JSF addresses more of the model-view-controller pattern than Struts, in that it...

  • More strongly addresses the view or presentation layer though UI components

  • Addresses the model through managed beans. Although JSF is an emerging technology

JSF is targeted at Web developers with little knowledge of Java, eliminating much of the hand coding involved in integrating Web applications with back-end systems.

Event driven architecture JSF provides server-side rich UI components that respond to client events.
UI development: UI components are de-coupled from their rendering, allowing for other technologies such as WML to be used (for example, mobile devices).

JSF allows direct binding of UI components to model data.

Developers can use extensive libraries of prebuilt UI components that provide both basic and advanced Web functionality.

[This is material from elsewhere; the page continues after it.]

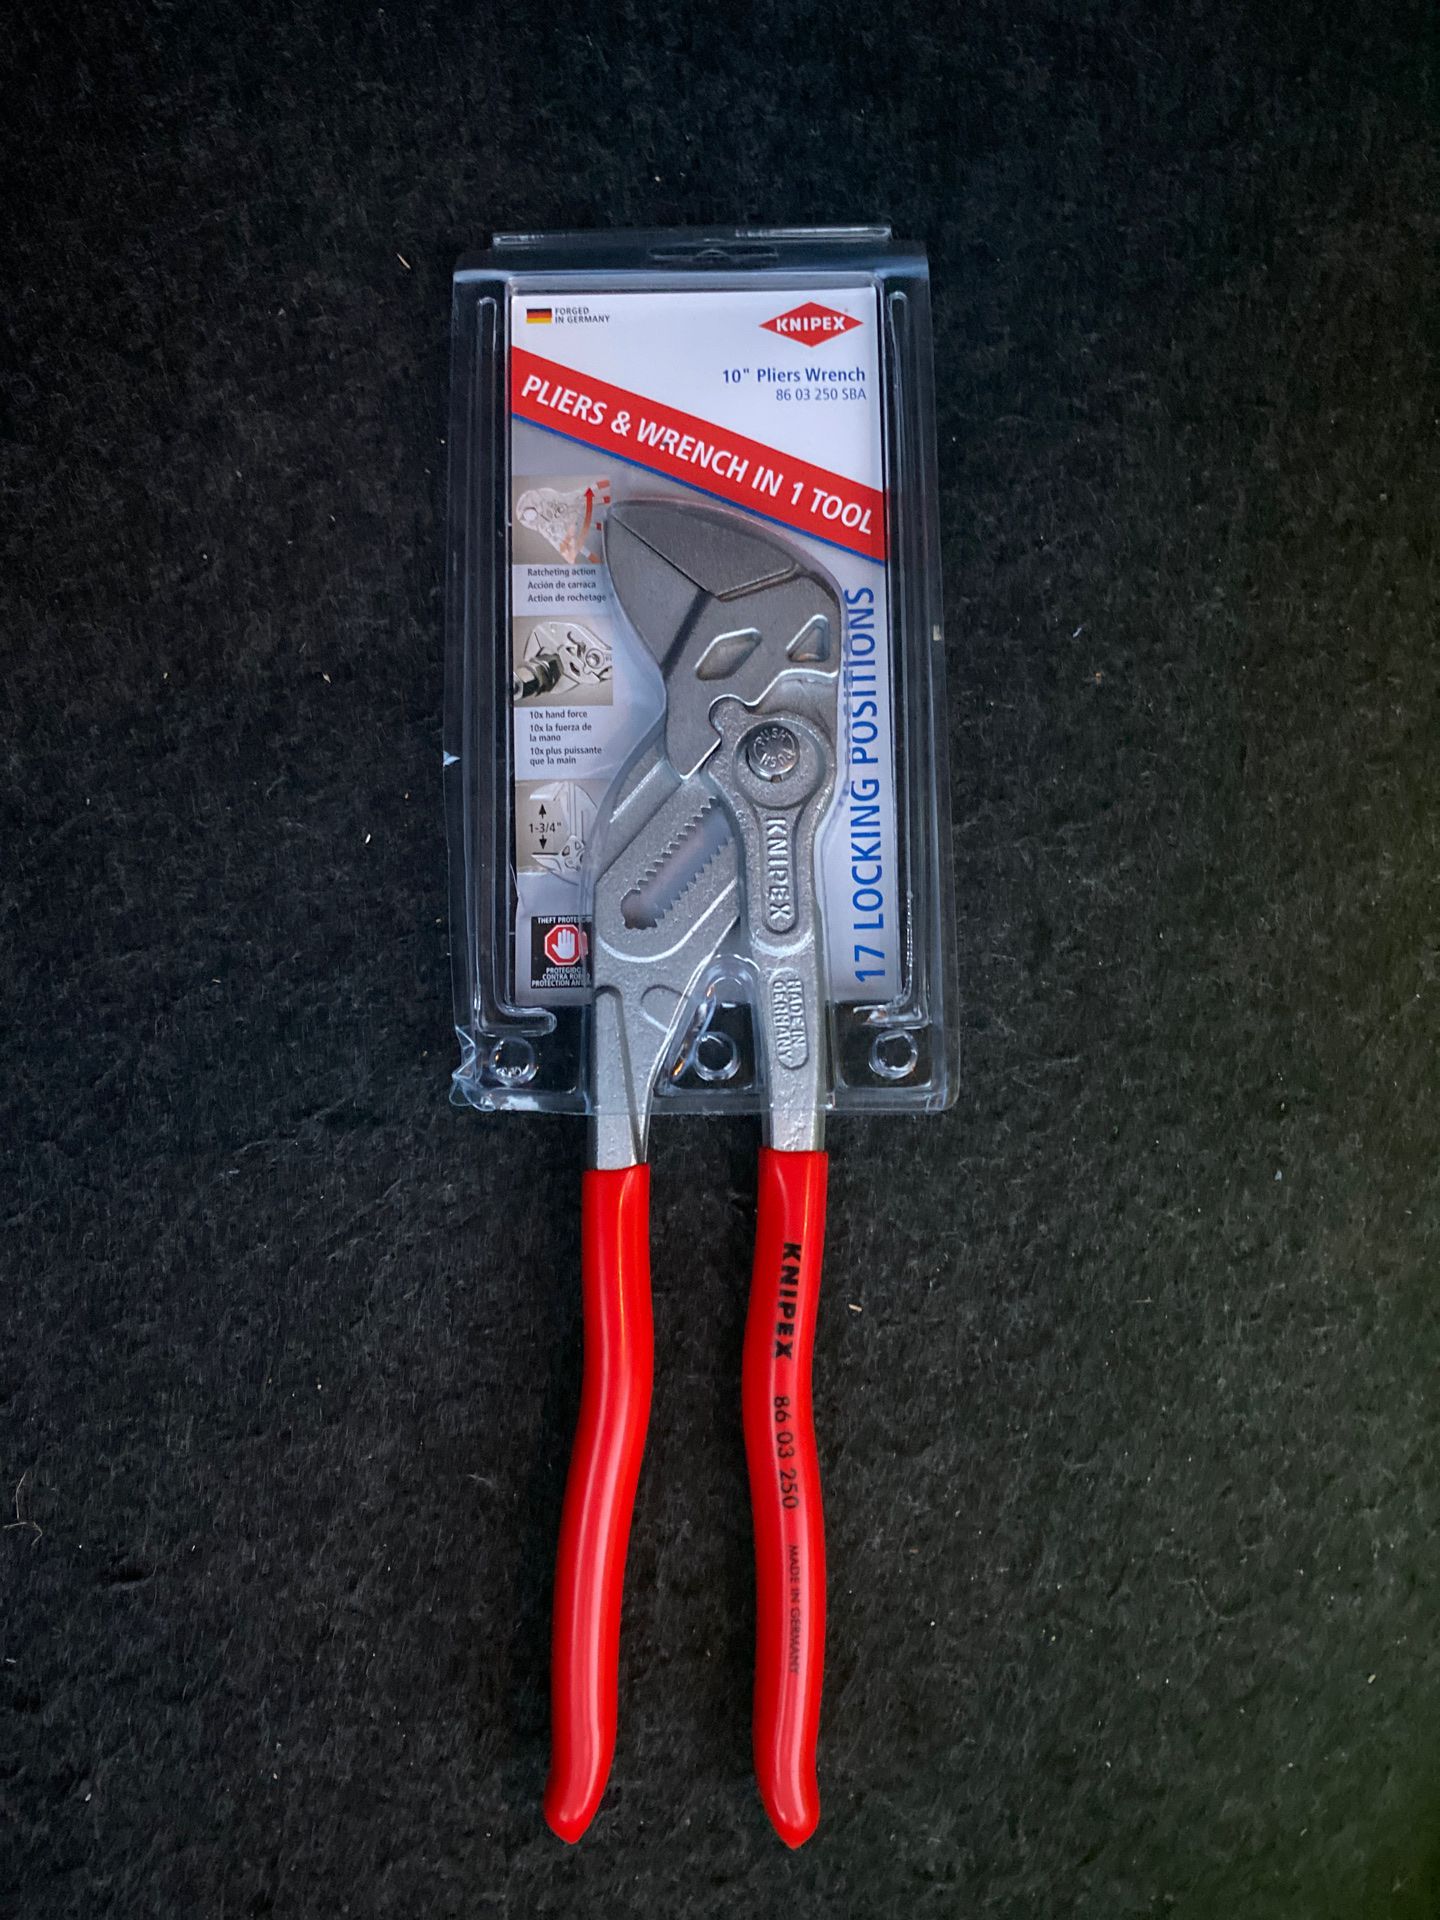 Knipex Pliers & Wrench In 1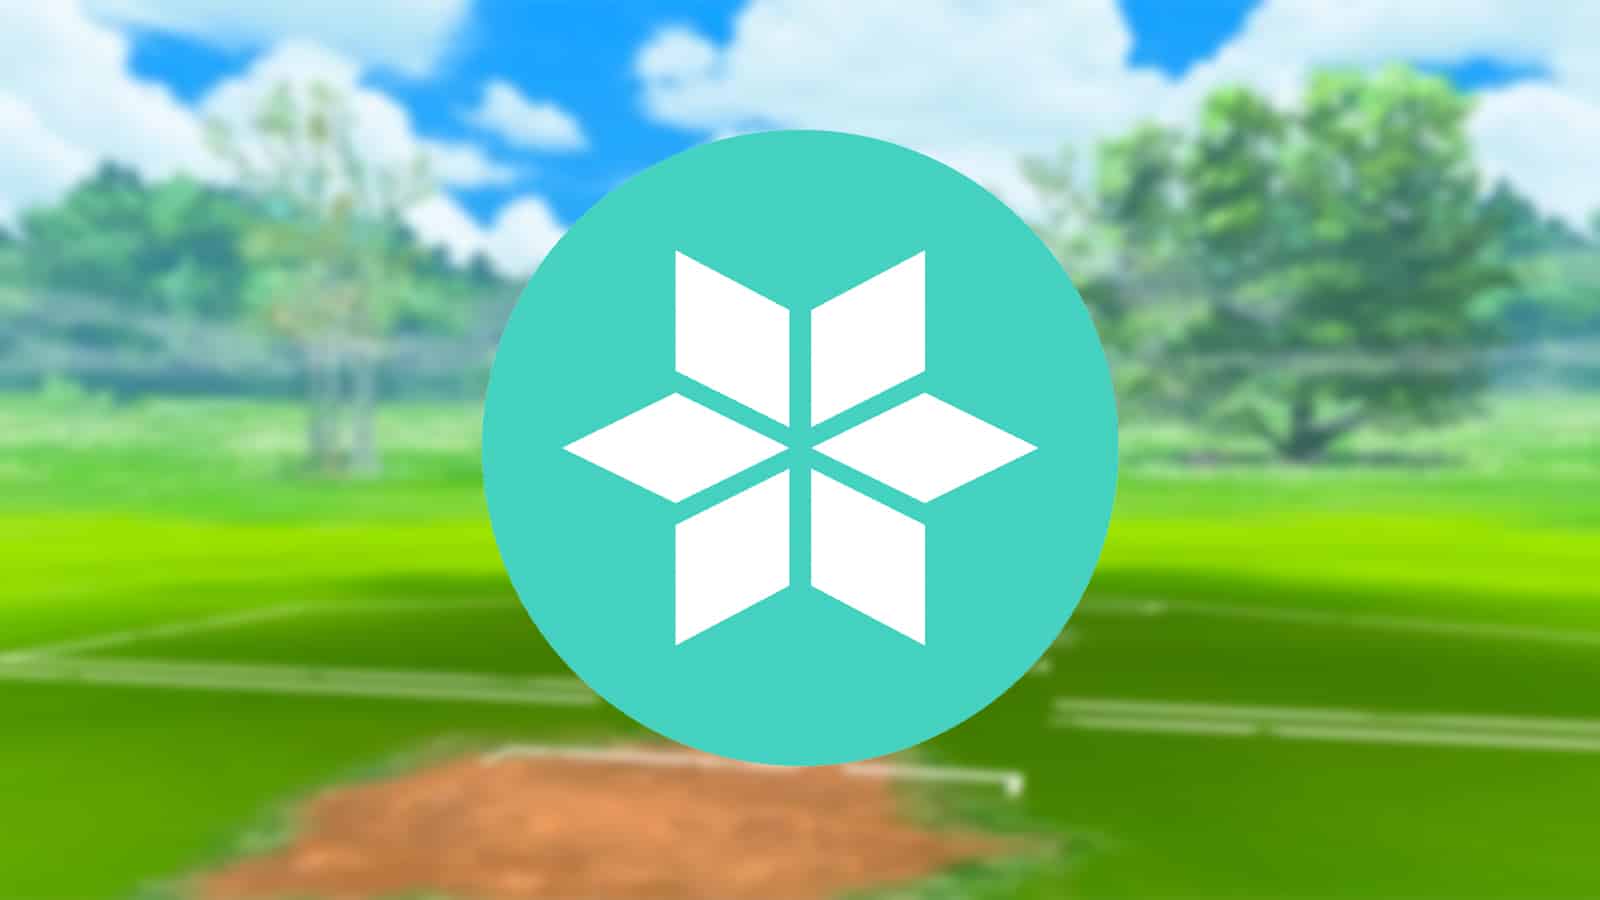 The symbol for Icicle Spear in Pokemon Go

Session and object management JSF manages designated model data objects by handling their initialization, persistence over the request cycle, and cleanup.
Validation and error feedback JSF allows direct binding of reusable validators to UI components. The framework also provides a queue mechanism to simplify error and message feedback to the application user. These messages can be associated with specific UI components.
Internationalization JSF provides tools for internationalizing Web applications, including supporting number, currency, time, and date formatting, and externalization of UI strings.

Many developers are of the opinion that for web applications, with UI and portlets in particular, JSF is definitely the better framework than Struts, Spring, or basic portlet.

Where JSF excels is with transactional applications, for example order entry, and with use cases that require a screen flow, keeping state, and error handling which may affect screen flow work well with JSF.

JSF might be overkill for a request/response application.